**EXERCISE DIRECTIONS**
Your answer should be only the lines below from the one with "Funeral Cremation" to the one with "The model is", repeated exactly, ends included.

**MATERIAL SUPPLIED**
-----

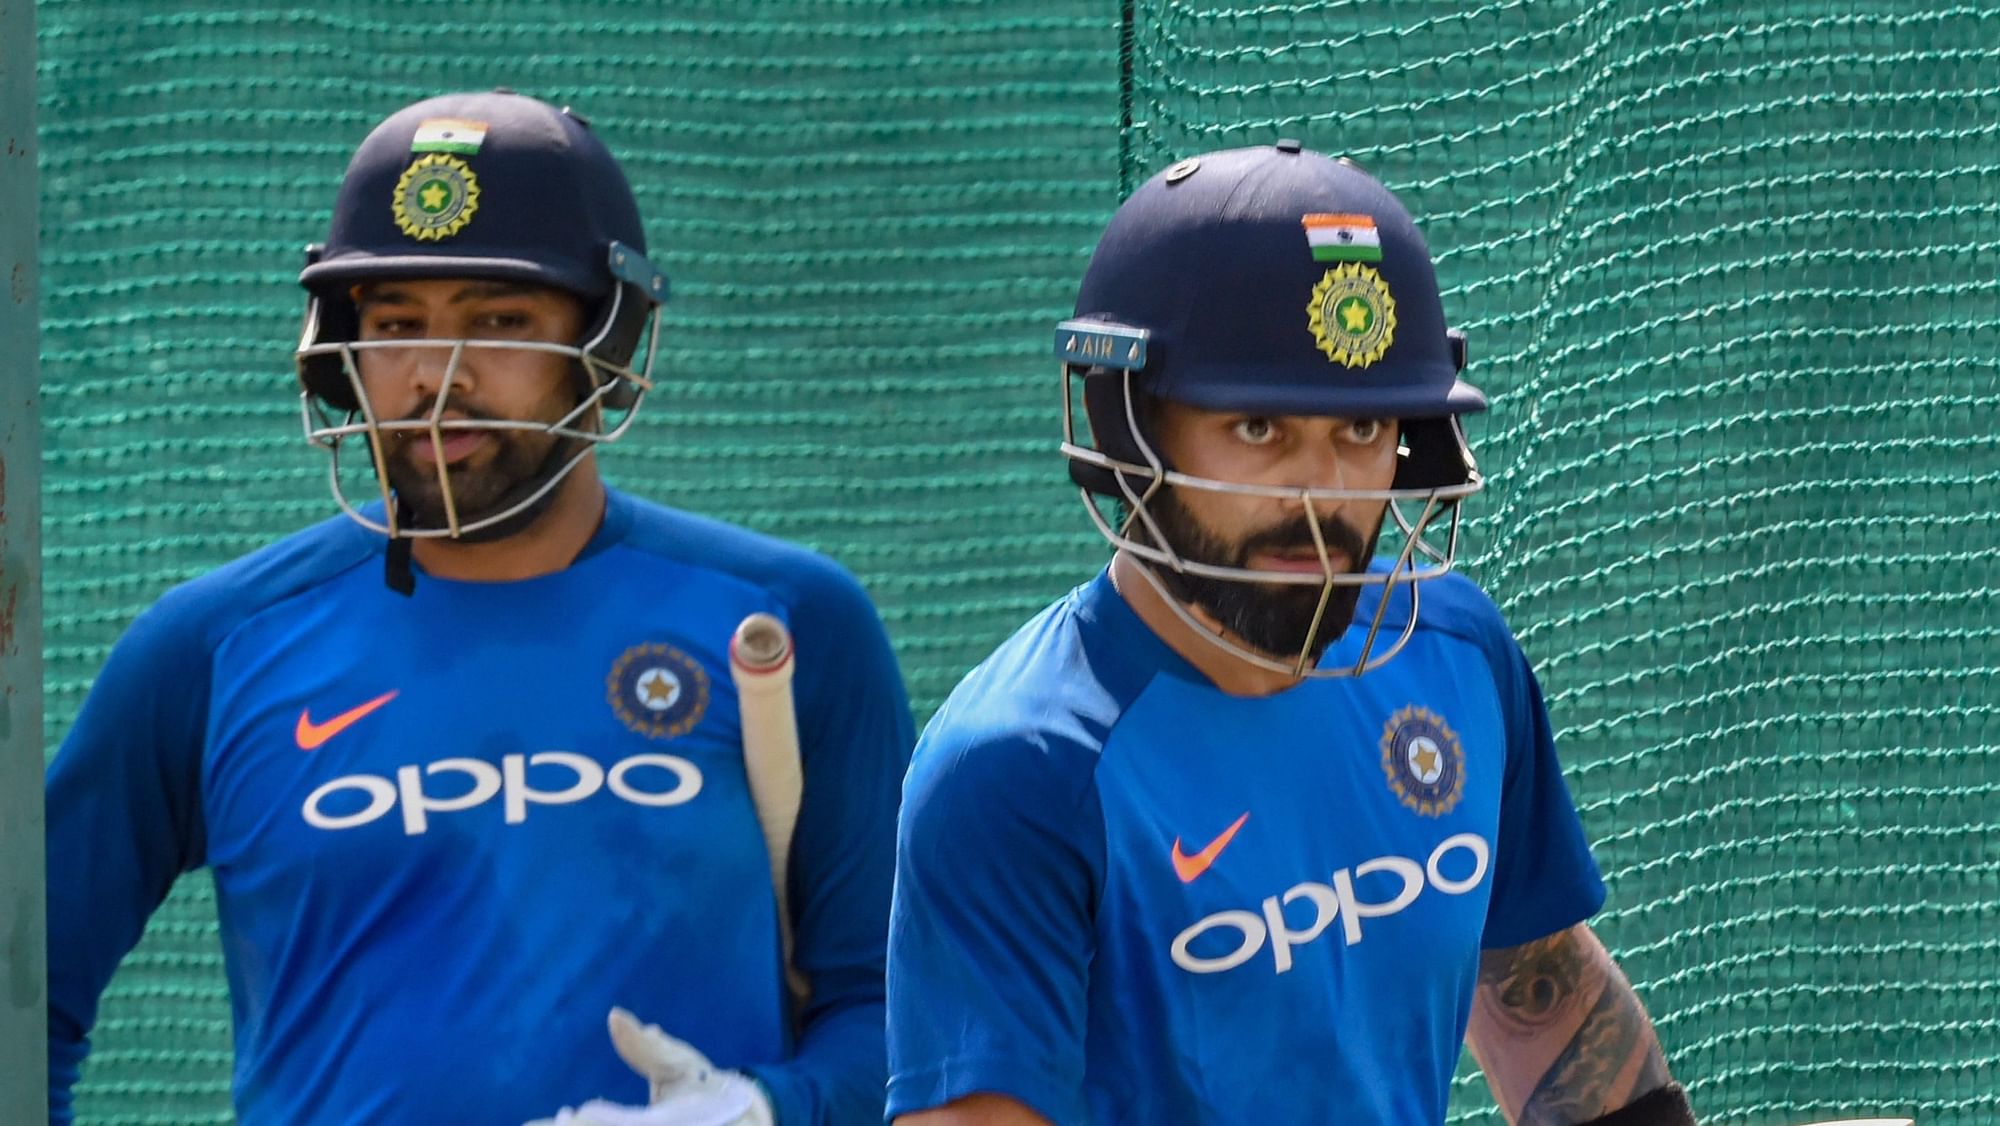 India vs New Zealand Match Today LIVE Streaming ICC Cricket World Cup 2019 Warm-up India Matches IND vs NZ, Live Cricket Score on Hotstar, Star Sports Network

-----

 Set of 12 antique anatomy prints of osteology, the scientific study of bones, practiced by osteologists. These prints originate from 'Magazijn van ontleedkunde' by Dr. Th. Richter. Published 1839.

-----

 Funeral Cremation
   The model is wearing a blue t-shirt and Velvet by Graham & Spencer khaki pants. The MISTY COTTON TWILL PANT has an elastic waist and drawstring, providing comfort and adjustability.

-----

**EXERCISE RESPONSE**
 Funeral Cremation
   The model is wearing a blue t-shirt and Velvet by Graham & Spencer khaki pants. The MISTY COTTON TWILL PANT has an elastic waist and drawstring, providing comfort and adjustability.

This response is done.